To provide this property, ksqlDB leverages Kafka Streams, a stateful stream processing library for Kafka, as its distributed runtime for executing long-lived, continuous queries. In ksqlDB, these are called “persistent queries”. Persistent queries read input data streams and derive new data streams or materialized views, such as continuous aggregates over windows (we will talk more about persistent queries, along with other types of queries, in a later blog post in this series). In practice, a query’s output streams can be read in turn by another query as its input, forming an upstream-downstream pipeline. Such queries submitted to ksqlDB are compiled and executed as Kafka Streams applications that run indefinitely until terminated, and a single Kafka Streams application can execute on multiple distributed instances, which process input data streams as Kafka topic partitions in parallel. In addition, Kafka Streams instances can keep local state stores for stateful processing logic, such as running aggregates.

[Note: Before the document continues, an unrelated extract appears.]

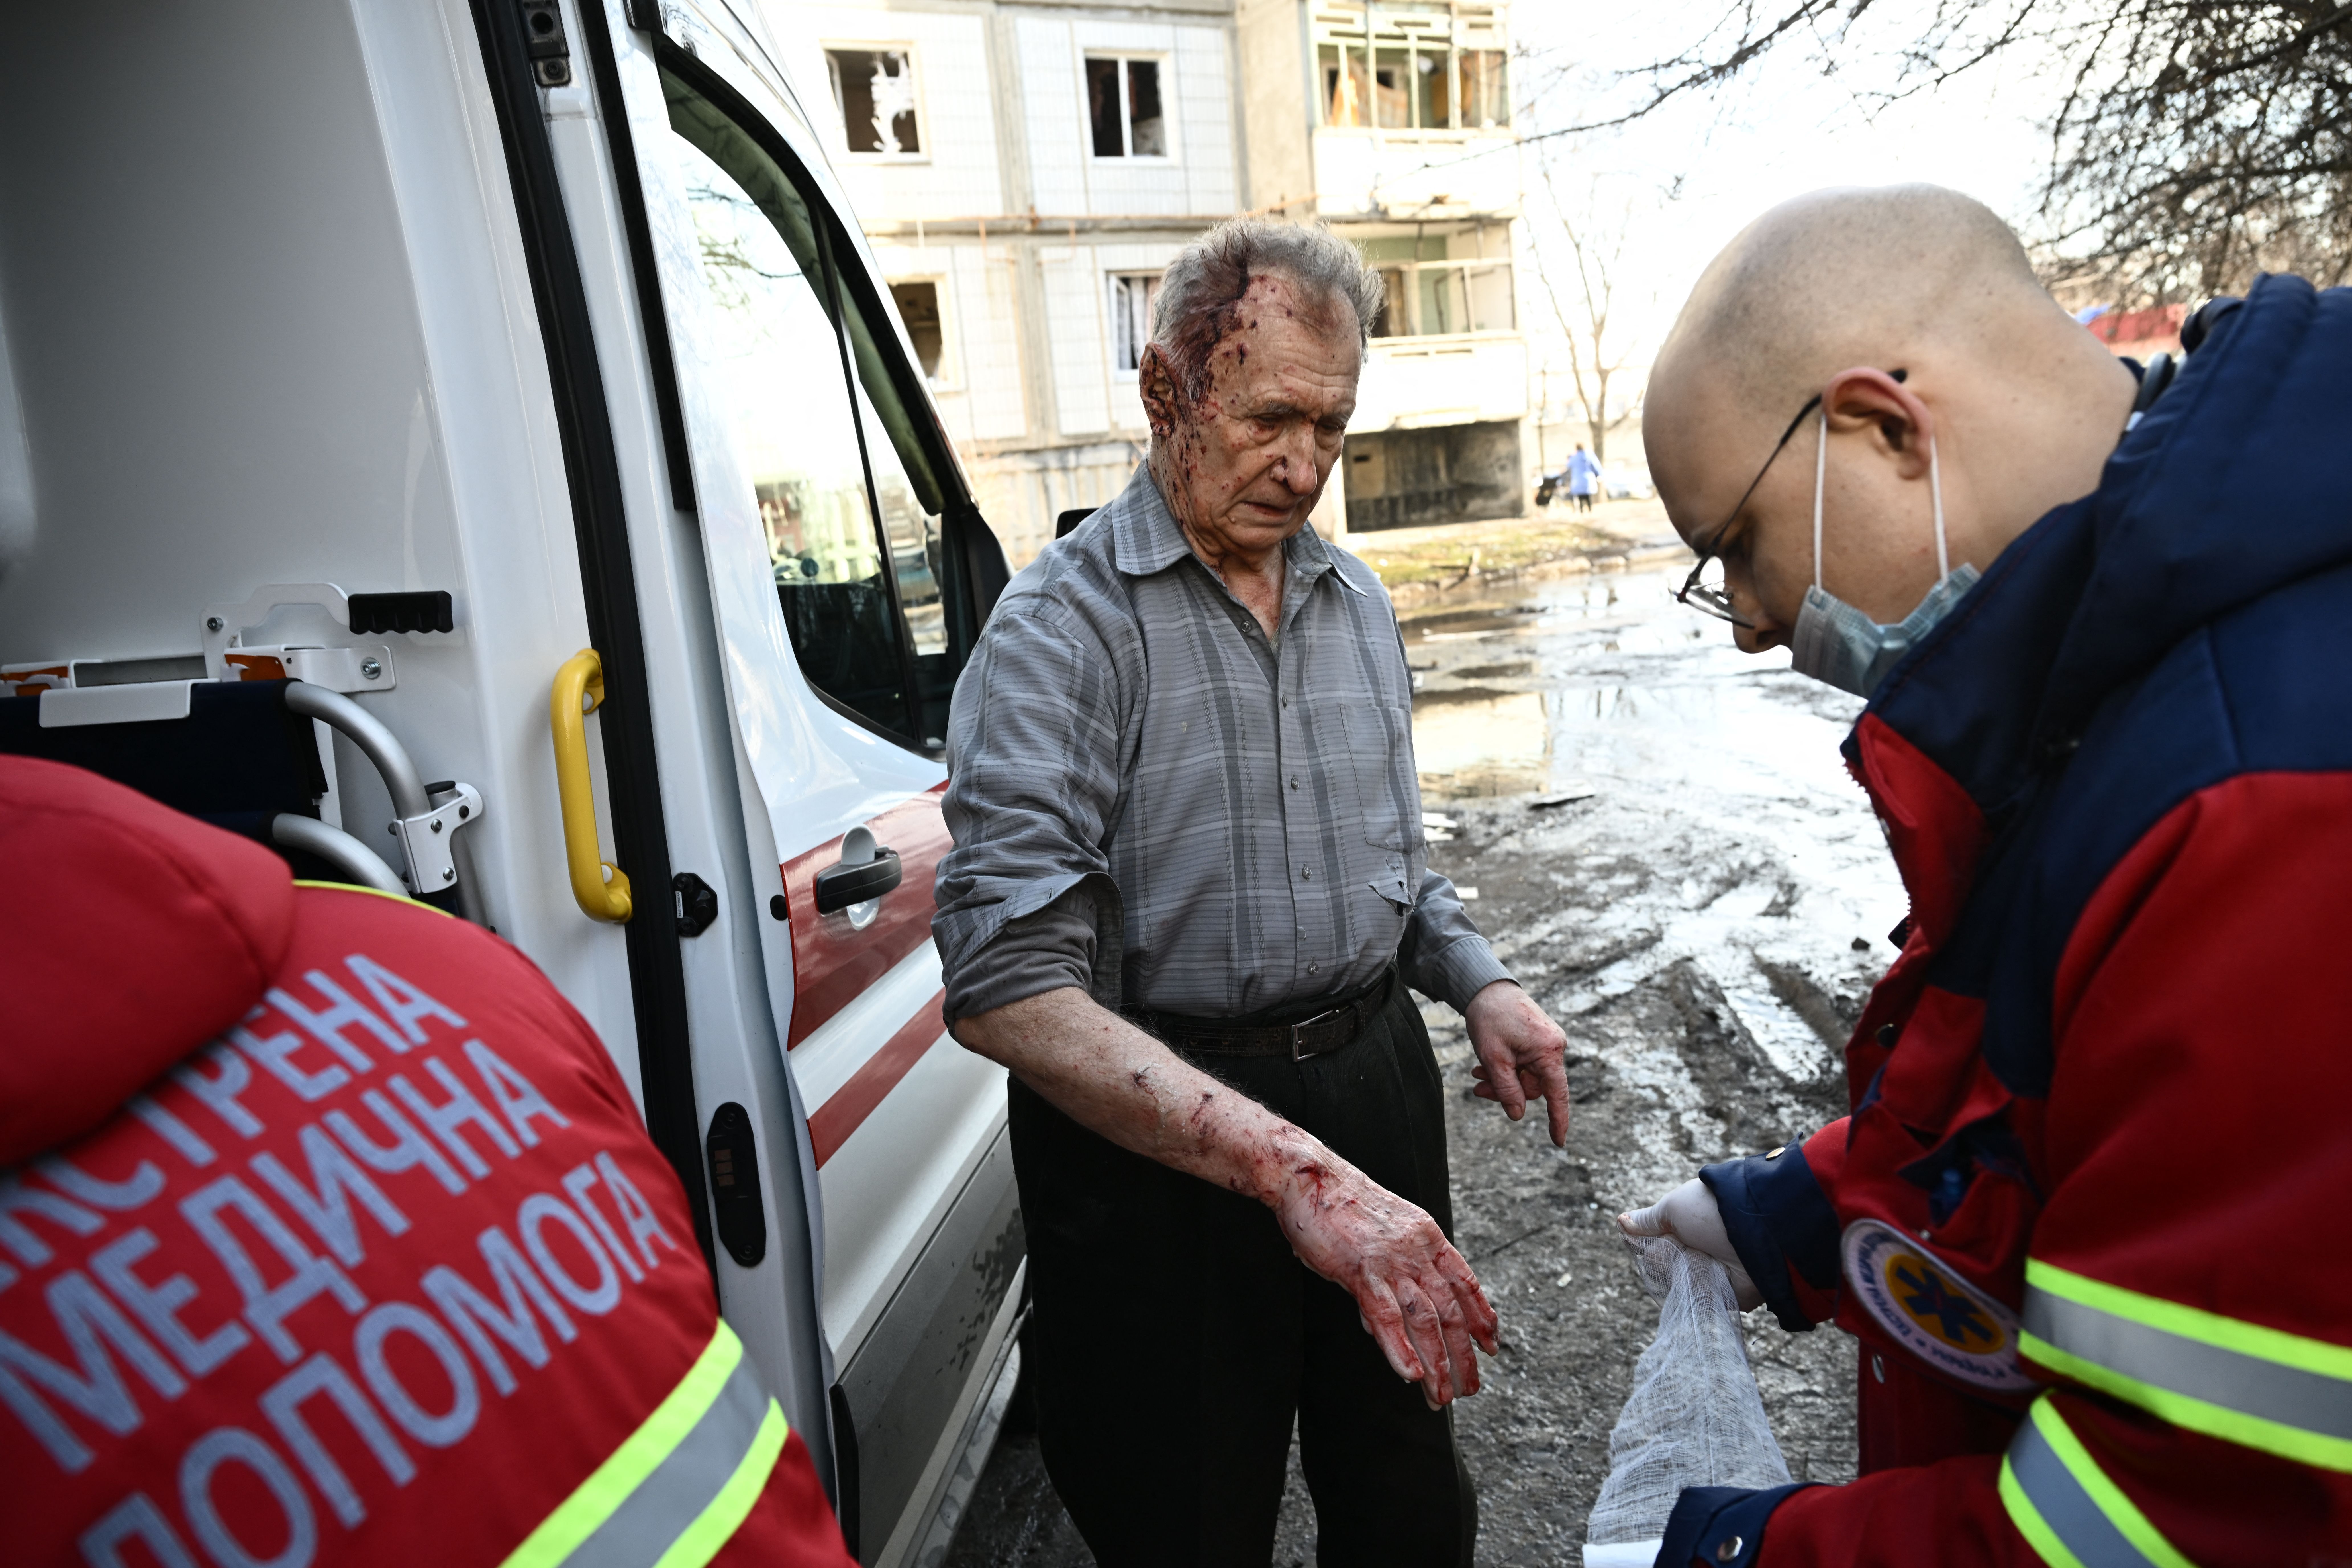 Emergency unit staff treat an injured man after bombings on the eastern Ukraine town of Chuguiv on February 24, 2022, as Russian armed forces are trying to invade Ukraine from several directions, using rocket systems and helicopters to attack Ukrainian position in the south, the border guard service said. - Russia's ground forces today crossed into Ukraine from several directions, Ukraine's border guard service said, hours after President Vladimir Putin announced the launch of a major offensive. Russian tanks and other heavy equipment crossed the frontier in several northern regions, as well as from the Kremlin-annexed peninsula of Crimea in the south, the agency said. (Photo by ARIS MESSINIS/AFP via Getty Images)

The persistent query processing within an instance executes a cyclic read-process-write operation for each input record: 1) fetch the record from the input streams, 2) process the record, updating the corresponding state if necessary, and 3) emit the output record(s) as the processing result to output streams. After that, the instance can commit the position of the processed record to Kafka brokers, indicating that the record has completed processing, and then continue to the next record, and the cycle would repeat.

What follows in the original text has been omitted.